■ REQUIRED ACTION ■
Each line in the material below, starting at the one with "54ccf6de488 Tigerdoe Mob" and ending at the one with "Tiger store segno", is to be reproduced exactly; no picture is to be copied.

■ MATERIAL PROVIDED ■
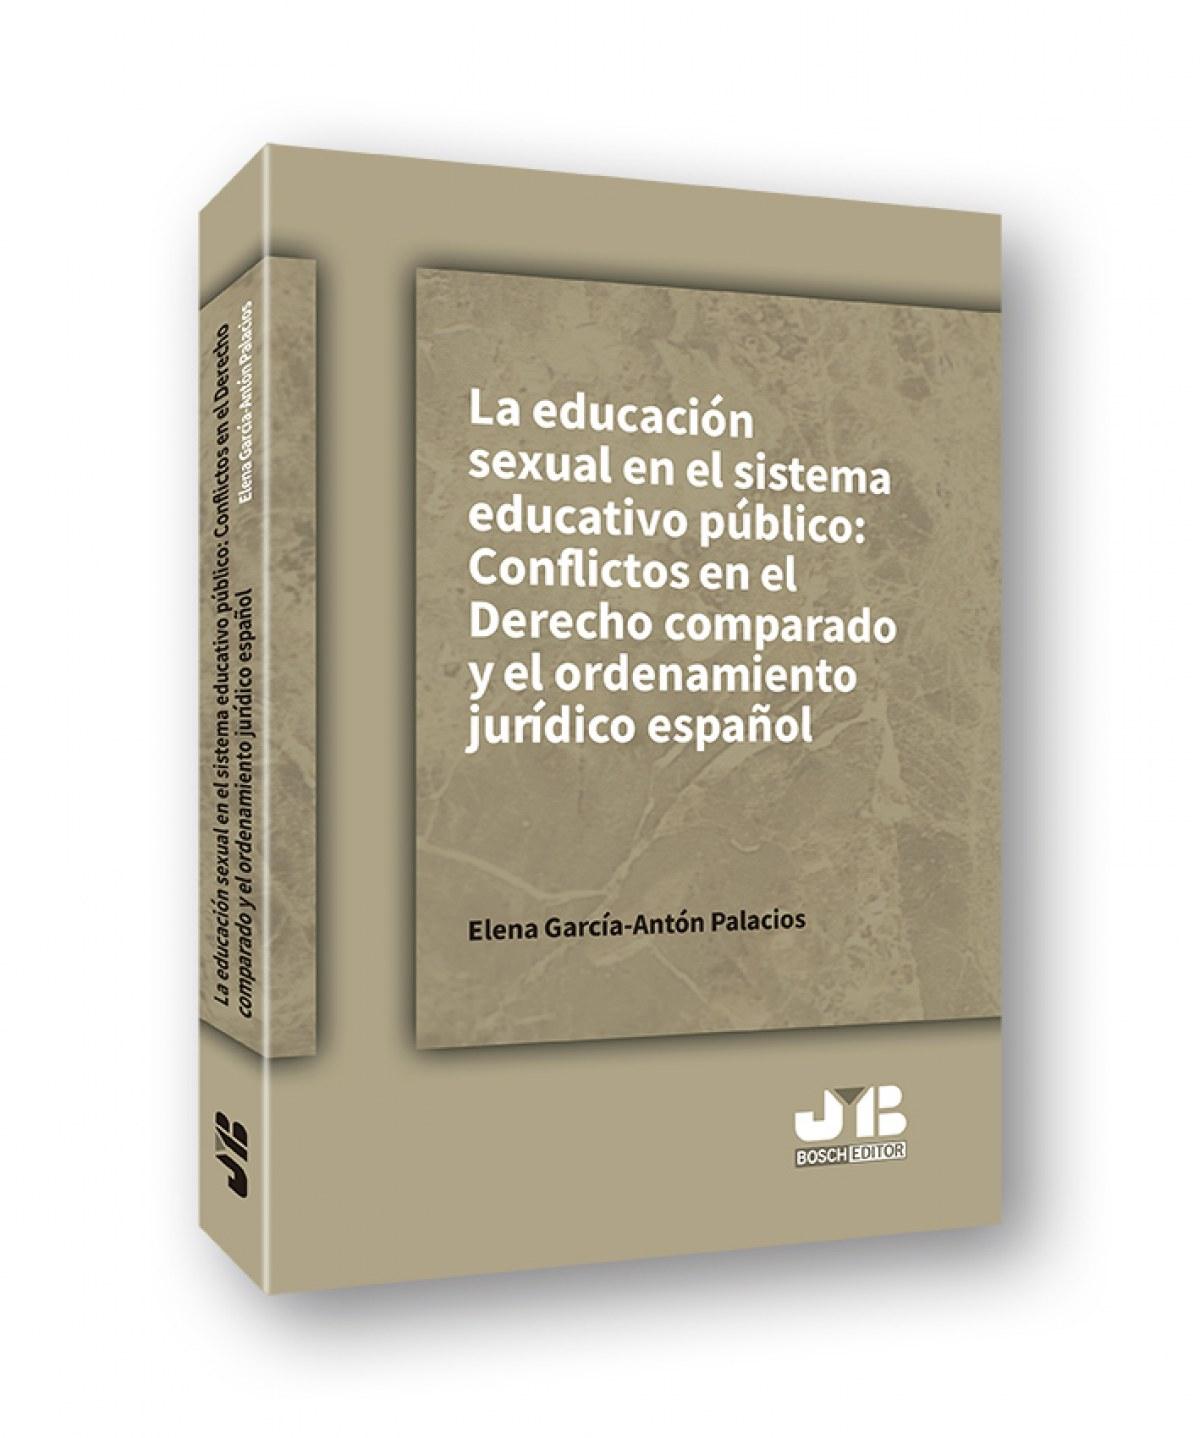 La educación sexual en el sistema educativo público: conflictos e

* * *

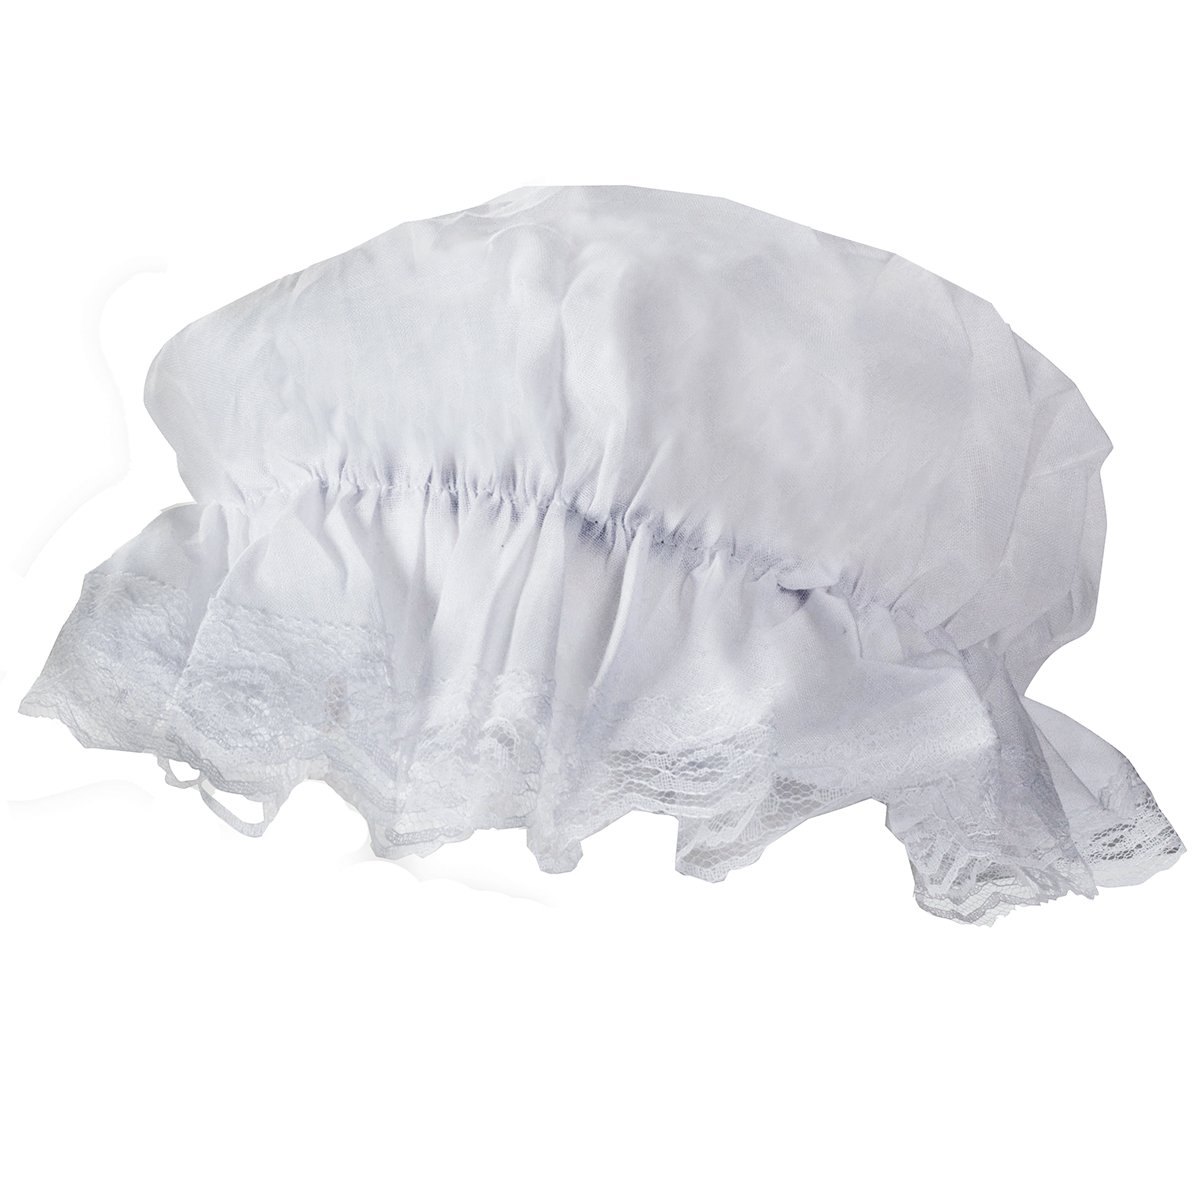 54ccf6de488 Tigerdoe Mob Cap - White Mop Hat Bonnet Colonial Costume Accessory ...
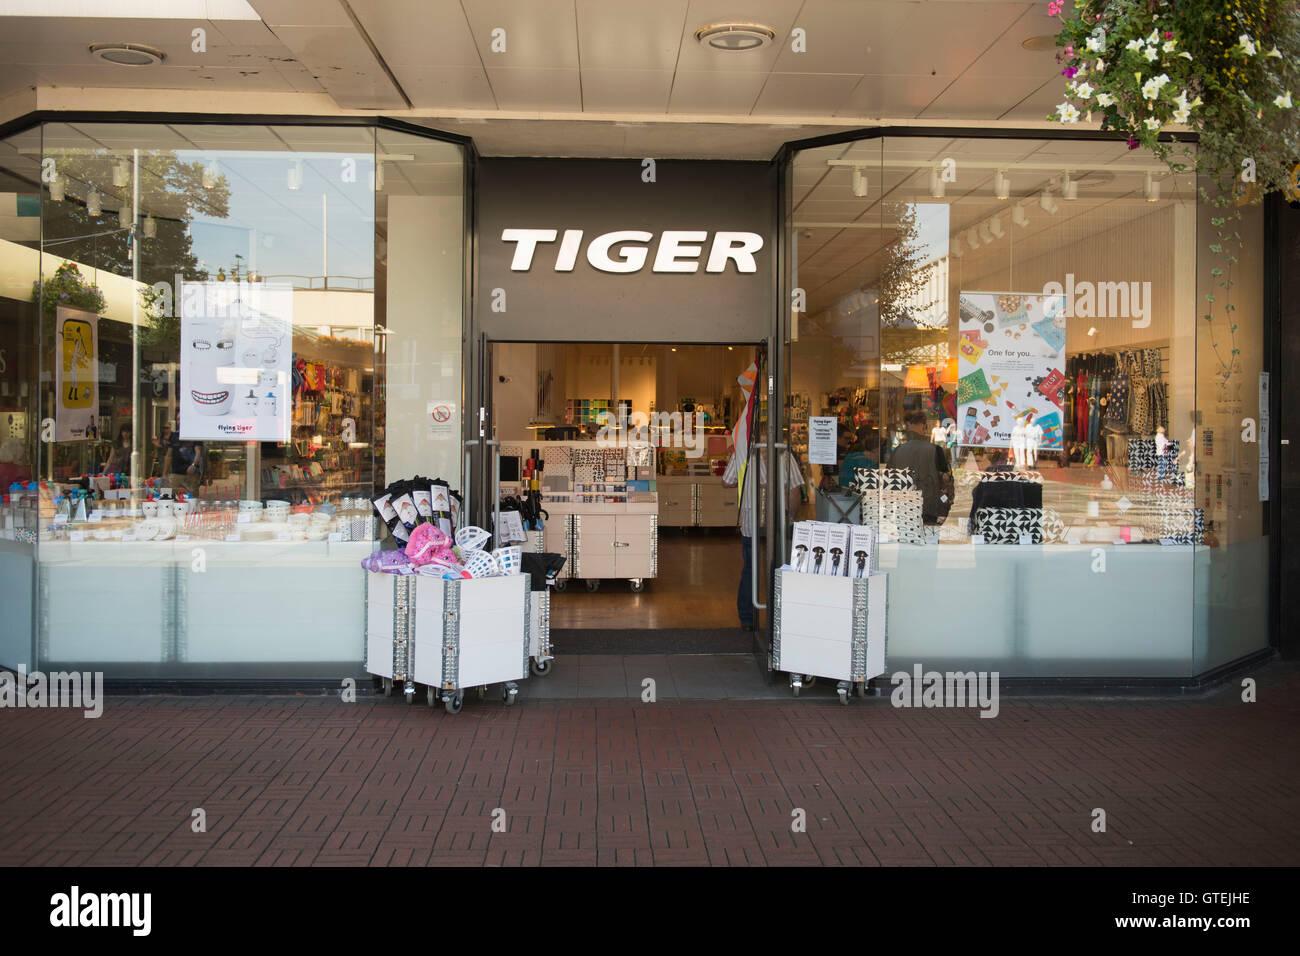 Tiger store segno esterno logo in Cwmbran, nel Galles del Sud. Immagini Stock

■ EXERCISE SOLUTION ■
 54ccf6de488 Tigerdoe Mob Cap - White Mop Hat Bonnet Colonial Costume Accessory ...
 Tiger store segno esterno logo in Cwmbran, nel Galles del Sud. Immagini Stock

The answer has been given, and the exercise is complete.